Её образ всё больше растворялся, становился неуловимо зыбким, неестественно размытым. Её черты в тёпло-рыжем сумеречном свете, сливаясь с бесконечной, непроницаемой темнотой, оставлявшей лишь стёртые контуры, расплывались в еле уловимый силуэт, трепетно колеблющийся, словно мягкий огонь свечи. Он чувствовал холод стены за своей спиной, однако ощущение это отличалось от физического состояния. Ему казалось, будто тело его всецело впитало стылость бетона, будто состояние это перешло в некую абсолютно иную, новую ипостась, пропитав сковывающей мёрзлостью не только его кожу, мышцы, сосуды, а нечто большее – само сознание его почувствовало надламывающуюся резкость холода, всецело сковавшего всё его тело.
Тихое, прерывистое, стеклянное постукивание стало оглушающе громким, после того как смолк беспорядочный ропот холодильника, оставившего оглушительно-звенящую тишину, смешанную с металлической арией дождя. Извилисто изогнутый грязный провод, торчавший из потолка, удерживал тускло рассеянный огонёк лампочки, так манившей выродившегося из серых потуг ночи мотылька. Насекомое, неуклюже подпрыгивая в воздухе, однако неумолимо влекомое пёстрыми потоками света, будто приготовляясь, задержалось на неровно висевшем, прозрачно-чёрном платье, усыпанном мириадами тёмных точек на зыбко-лёгкой ткани рукавов. Внутри юноши нечто гулко колыхнулось, образовав ветвистый комок, схваченный морозным жаром. Платье вдруг стало слегка влажным, как и ярко освещённая ночная брусчатка под ногами её хозяйки. Величавые потрескавшиеся мраморные колонны, за ними старые дубовые двери театра со скопившейся пёстрой, обезличенной толпой…

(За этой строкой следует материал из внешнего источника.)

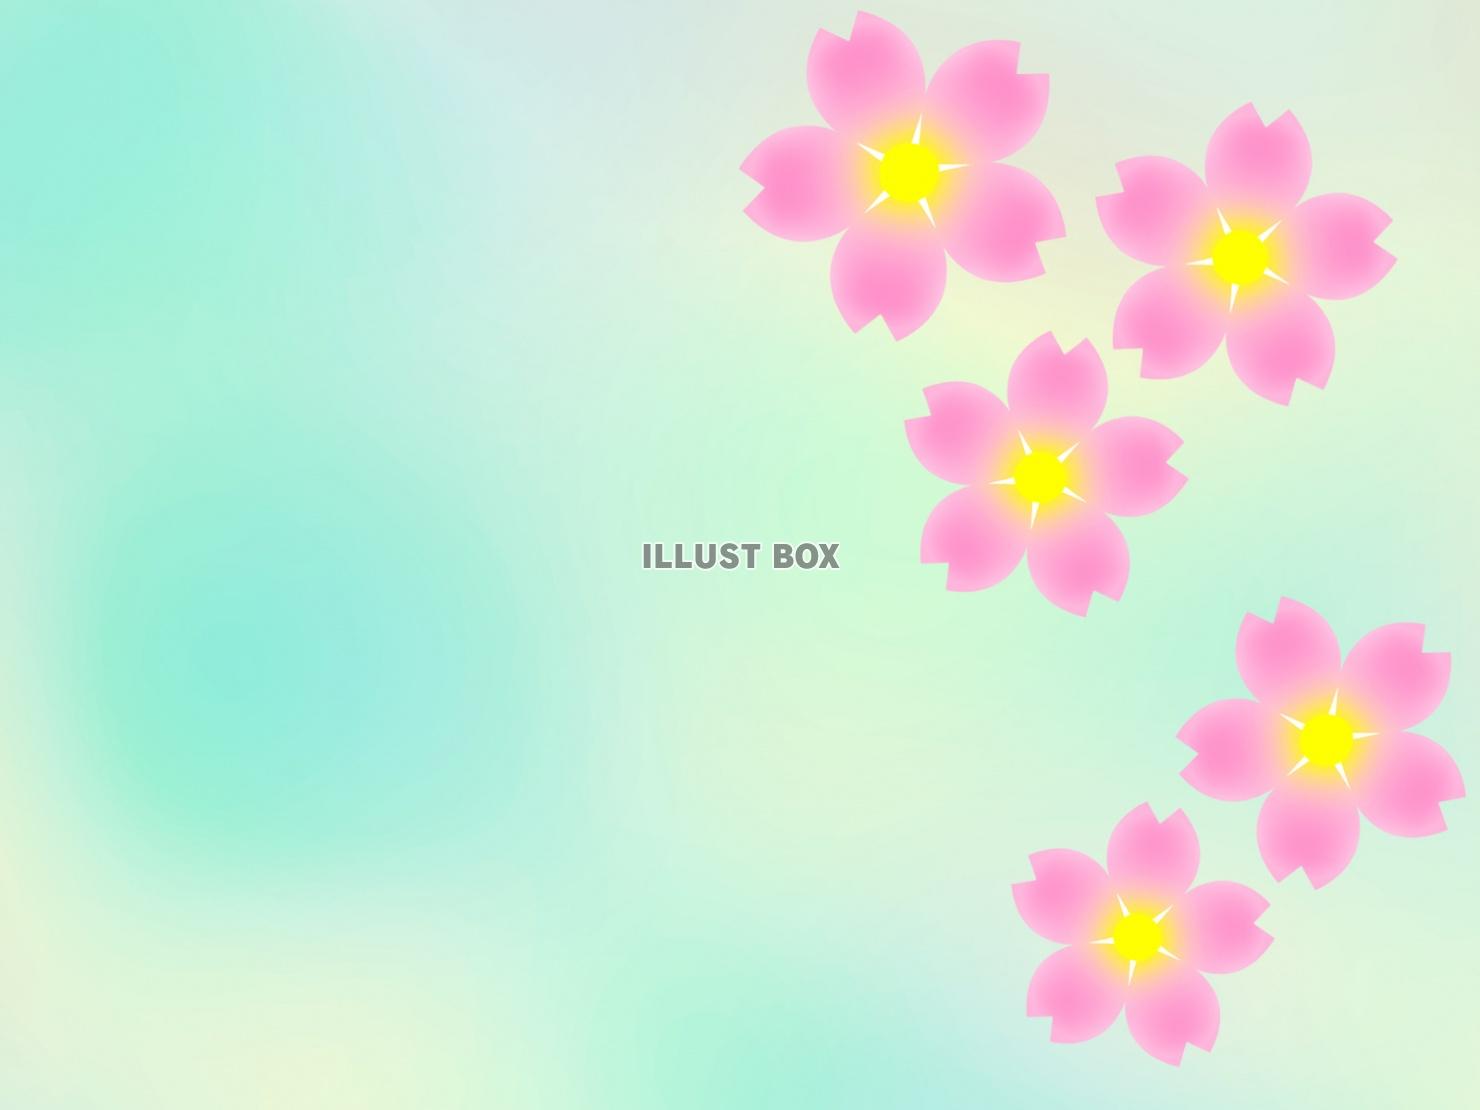 桜の花模様壁紙シンプル背景素材イラスト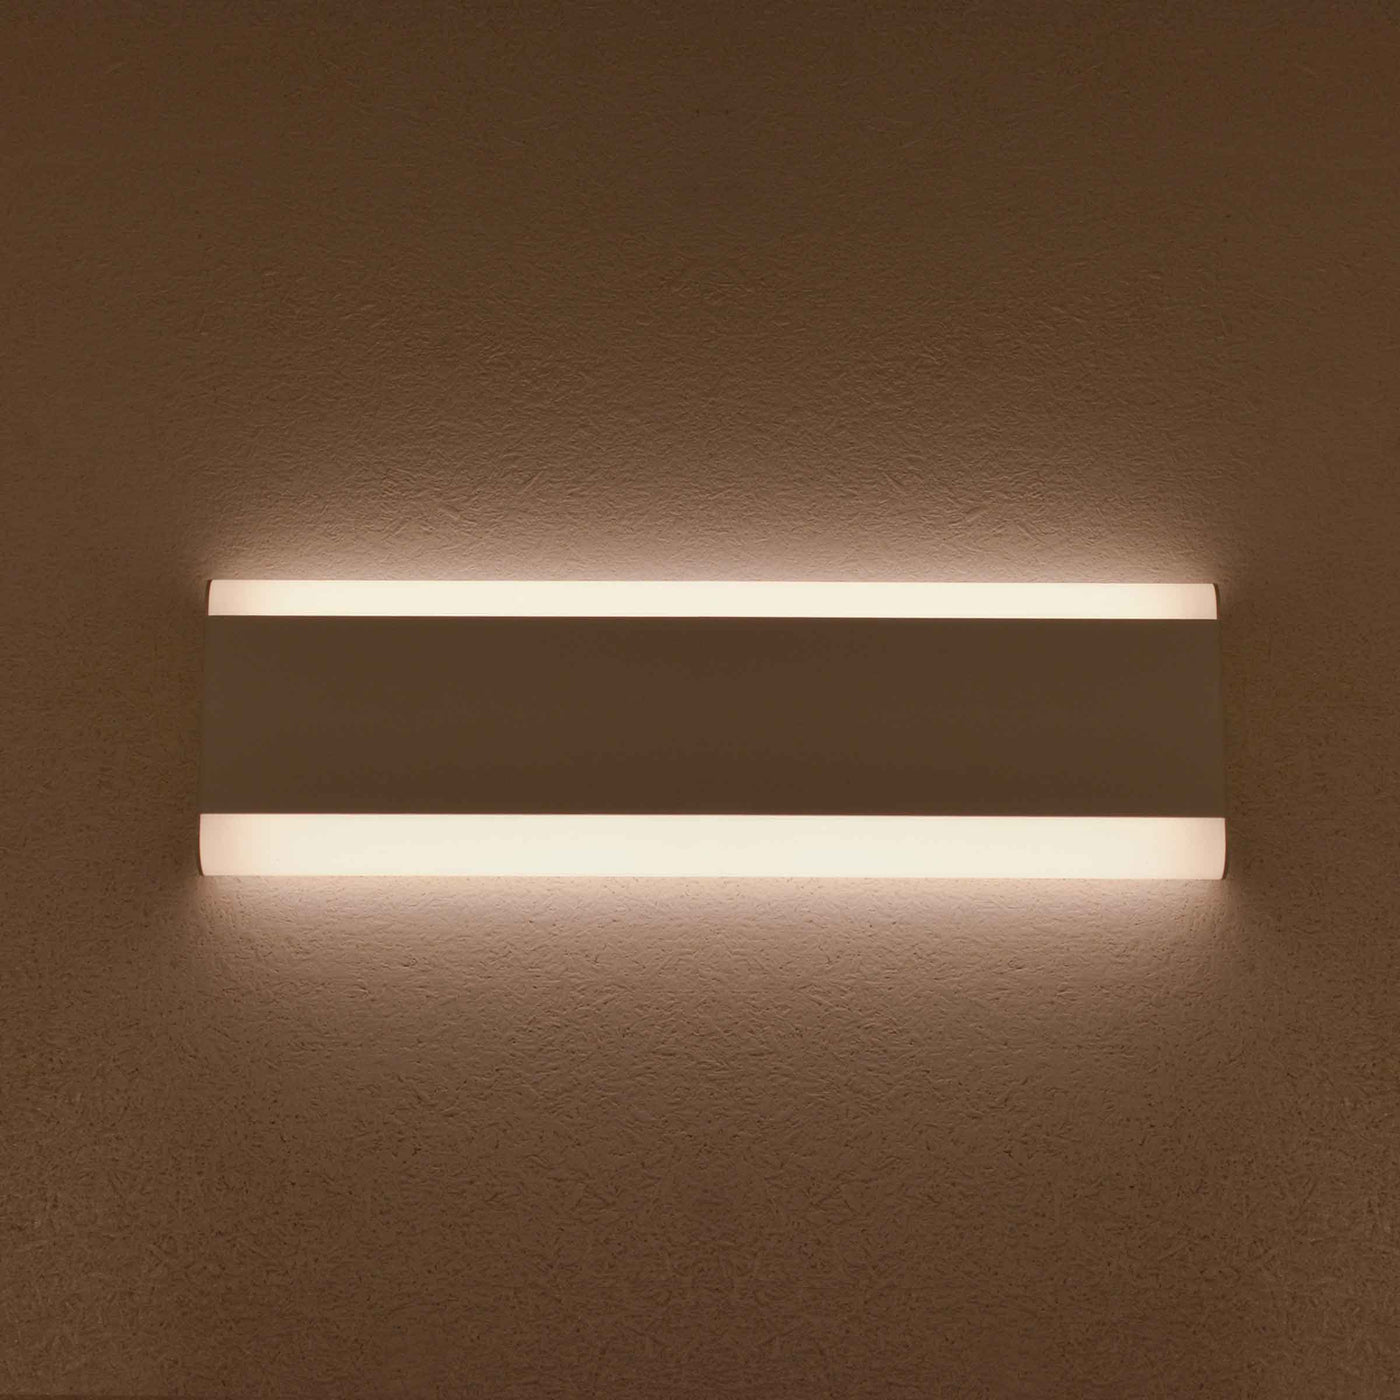 Aluminium Wall Lamp LINES by Hi.Project for Brillamenti 06

Мотылёк перелетел ближе к огню, на стену, о которую опёрся юноша.
Сгусток внутри начал всё больше сужаться, пытаясь вытянуться. Переливчатым воспоминанием юноша увидел старшего брата, заменившего ему покинувшего их отца, вспомнил, как они, сидя под мостом, кидали камешки в тёмно-изумрудную безмятежность реки, мечтали о грядущей жизни и провожали тёплый закат, нежно окрасивший мягкими красками лицо брата в тот вечер.
Мотылёк неуклюже взлетел вверх по стене.
Юноша увидел письмо, которое дрожащие худые руки матери взволнованно распечатывали, и слёзы, упавшие крупными каплями на бумагу, когда она узнала, что война навсегда забрала её сына.
Став частью неразборчивого сюжета, мотылёк, вздрагивая крыльями, зацепился о мутную картину у самого потолка.
Вспомнил юноша и лицо матери, на котором под блёклой серостью седины и болезненными морщинами заживо был похоронен цвет юности, лицо, сохранившее при этом отпечаток природной кротости, нежности, сострадания и доброты. Именно эти черты легли лёгкой тенью на её последний взгляд, отобразивший, однако, ещё нечто неуловимое, незримое, ощутив которое, после невозможно было разглядеть иные детали. То было отражение убитой надежды на измученном лице страдальца, которому годами удавалось бороться с недугом, чтобы в итоге обрести палача внутри бумажного конверта, безмолвно и хладнокровно вырвавшего из неё последние трепещущие остатки жизни, горевшей прежде прекрасным огнём в её груди.
Мотылёк порывисто ударялся о струящуюся пламенеющим светом гладь горячего стекла, издавая тихое, но при этом звонкое постукивание.
Смотря в чужие глаза, слыша пронзительно острые ноты когда-то родного, мягкого голоса, чувствуя торжество наконец победившей душевной агонии, навсегда погубившей что-то неизмеримо дорогое ему, ярко ощущая нечто, добирающееся до его прошлого и покрывающее ярко-тёплые воспоминания тёмными сгустками, юноша сознавал, что должен идти, идти в кромешную бесконечность ночи, кричавшей тишиной одиночества, идти в безмолвную пустоту безвестности, расщеплявшейся перед ним мутными сгустками, идти туда, где он не обретёт ничего, навсегда потеряв всё то, что билось безмолвной агонией внутри него, идти, он должен просто идти.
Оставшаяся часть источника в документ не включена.